(Supplied material begins)
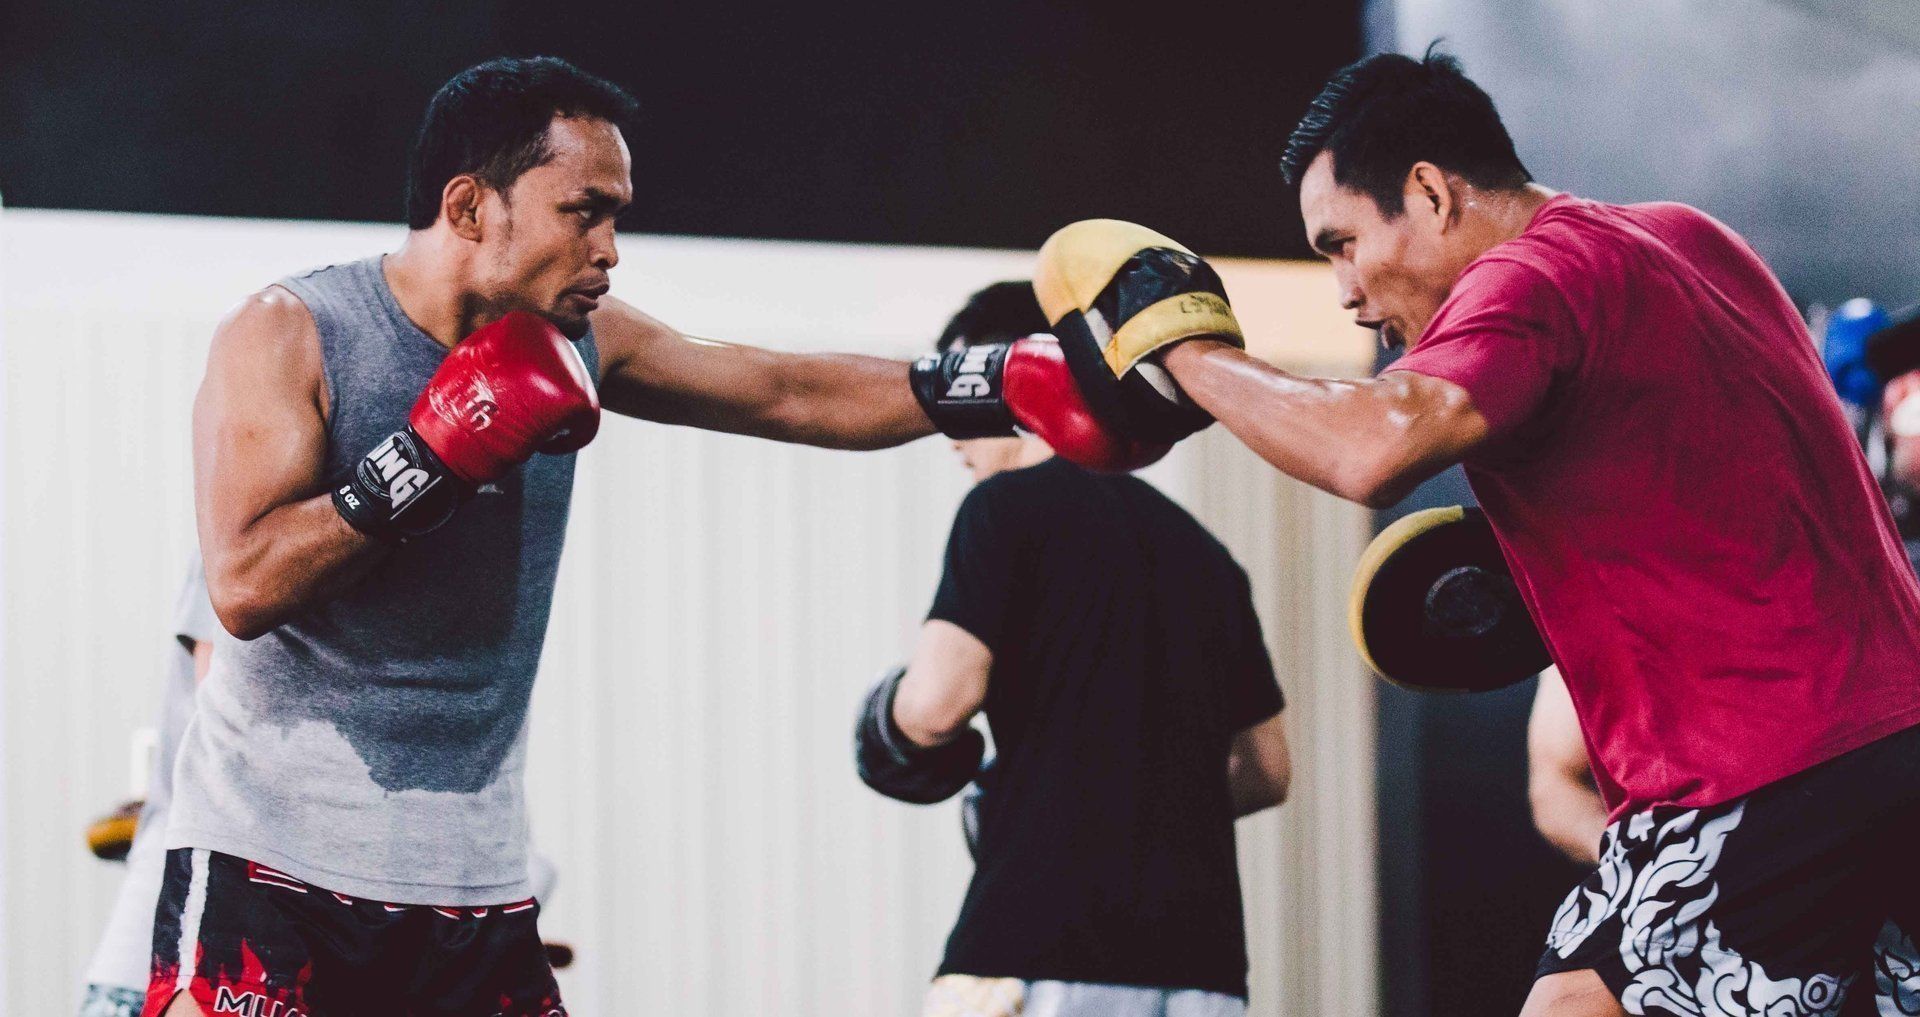 Punching Mitts Kickboxing Muay Thai MMA Boxing Mitts Training Focus Punch Mit...
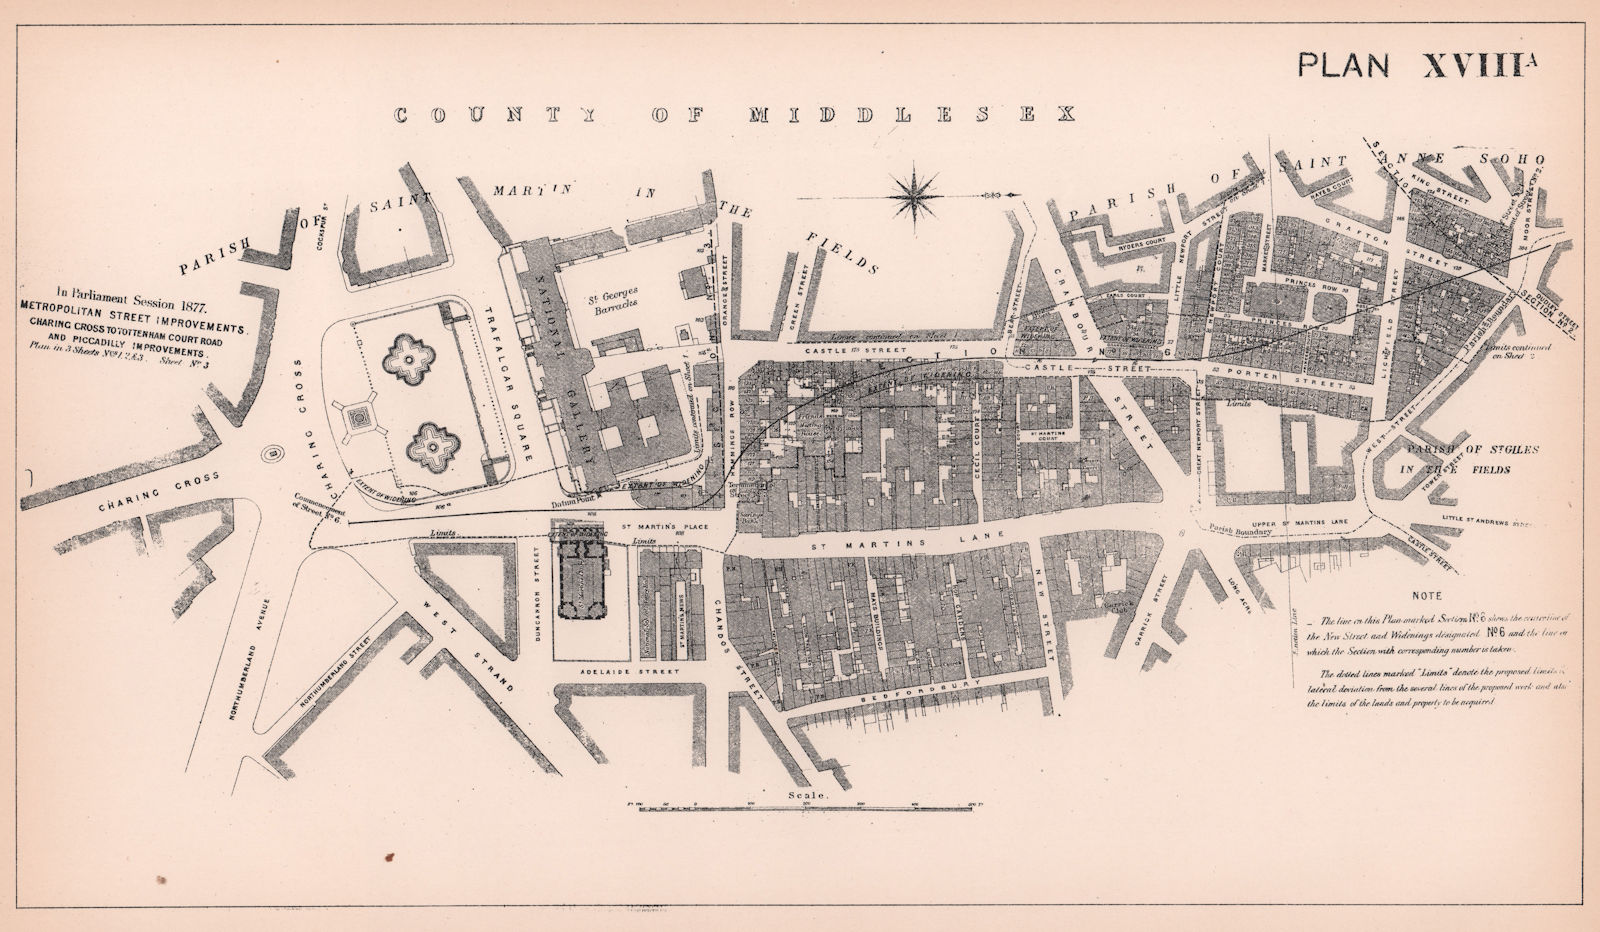 1877 Charing Cross Road development. Trafalgar Square-Shaftesbury Ave. 1898 map
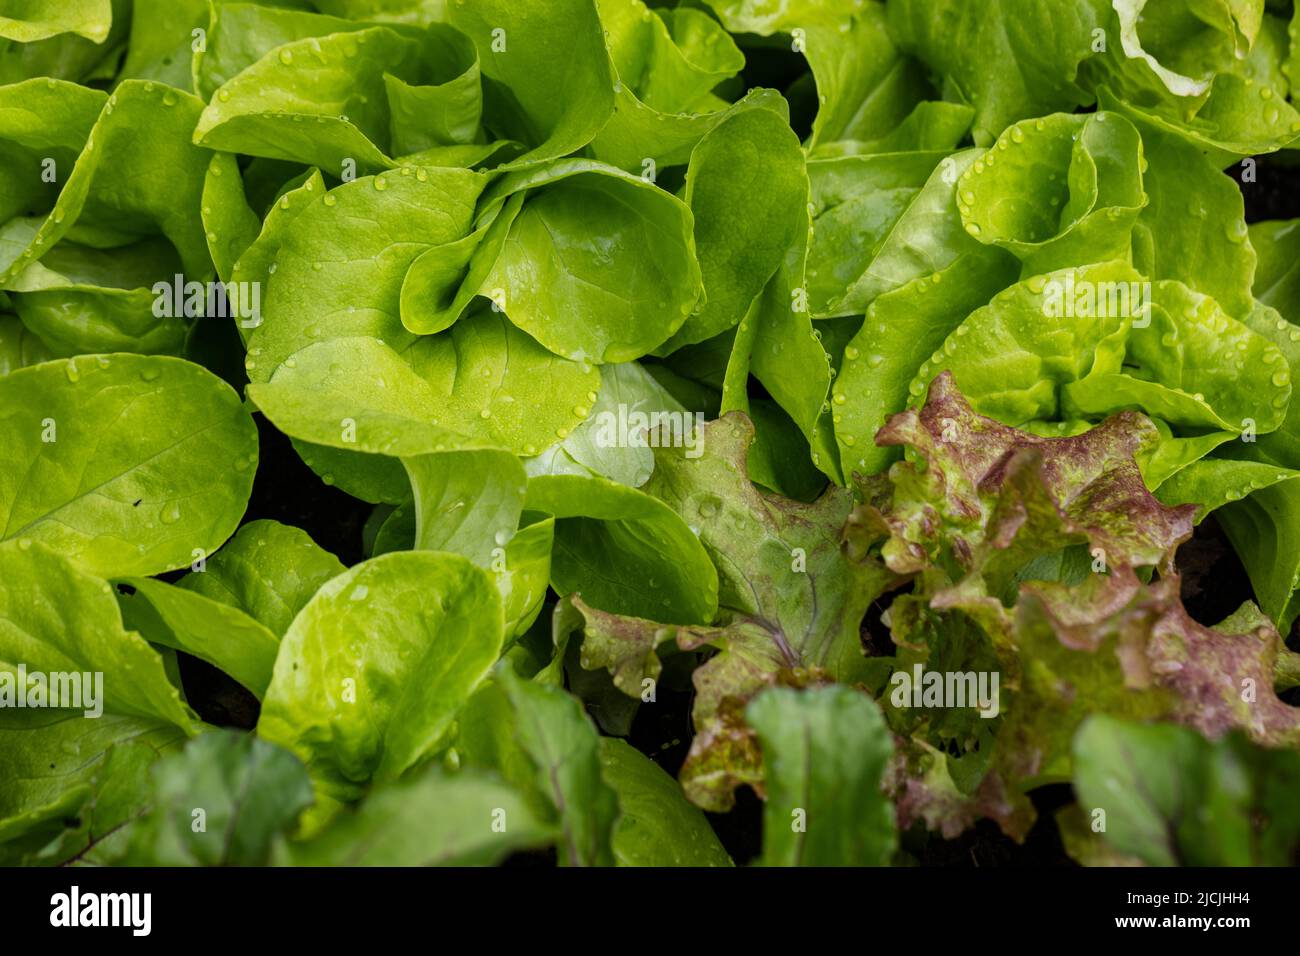 'Kagraner Sommer 2' Lettuce, Sallat (Lactuca sativa) Stock Photo
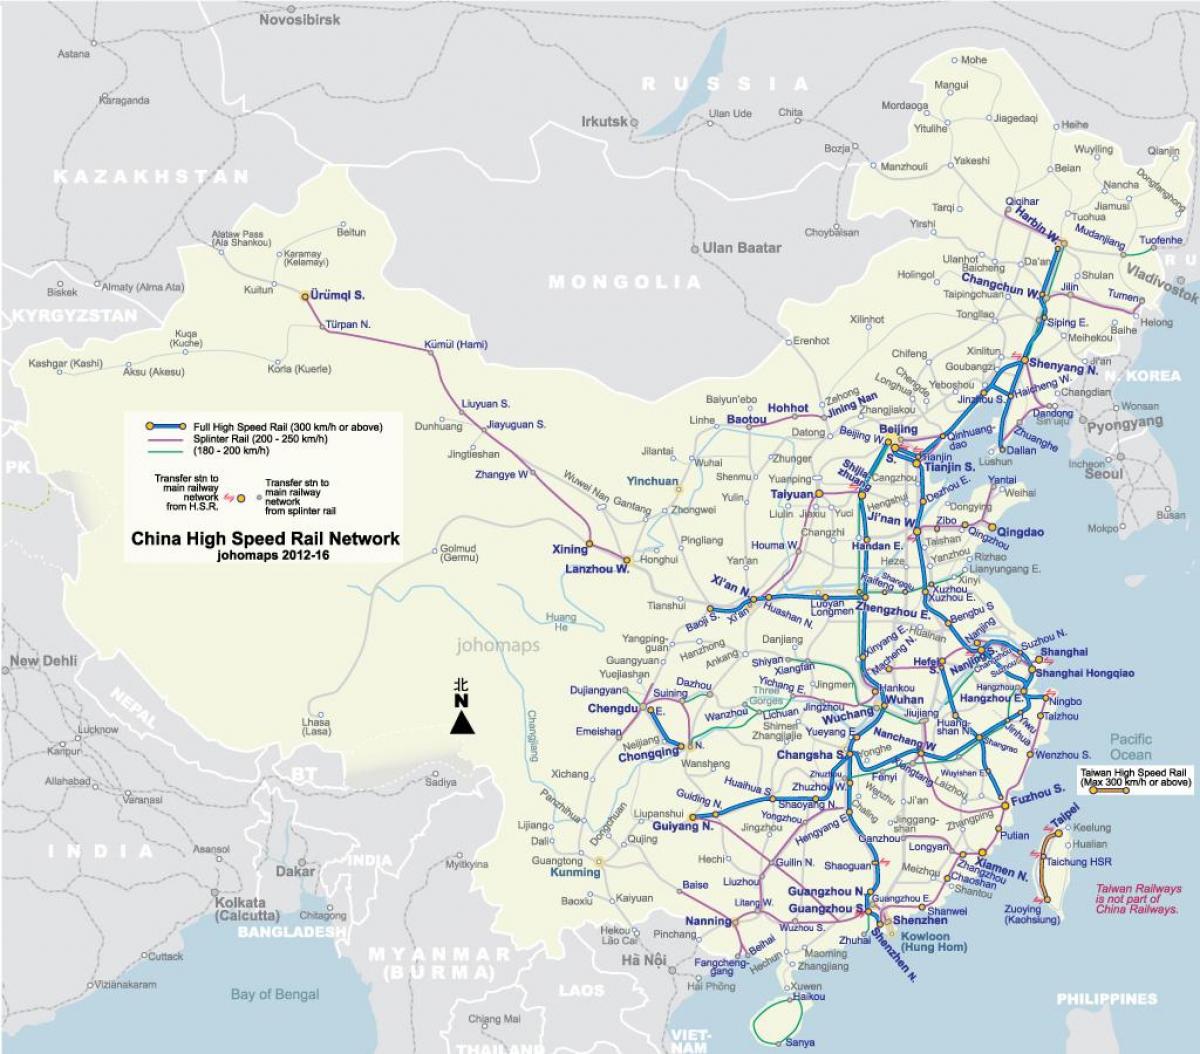 abiadura handiko trenbide Txina mapa
(Supplied material ends)
● Directions
Reproduce, word for word, every line from the one that contains "sativa) Stock Photo" to the end of the data, including both ends; omit all pictures.

● Response to this exercise
 'Kagraner Sommer 2' Lettuce, Sallat (Lactuca sativa) Stock Photo
 abiadura handiko trenbide Txina mapa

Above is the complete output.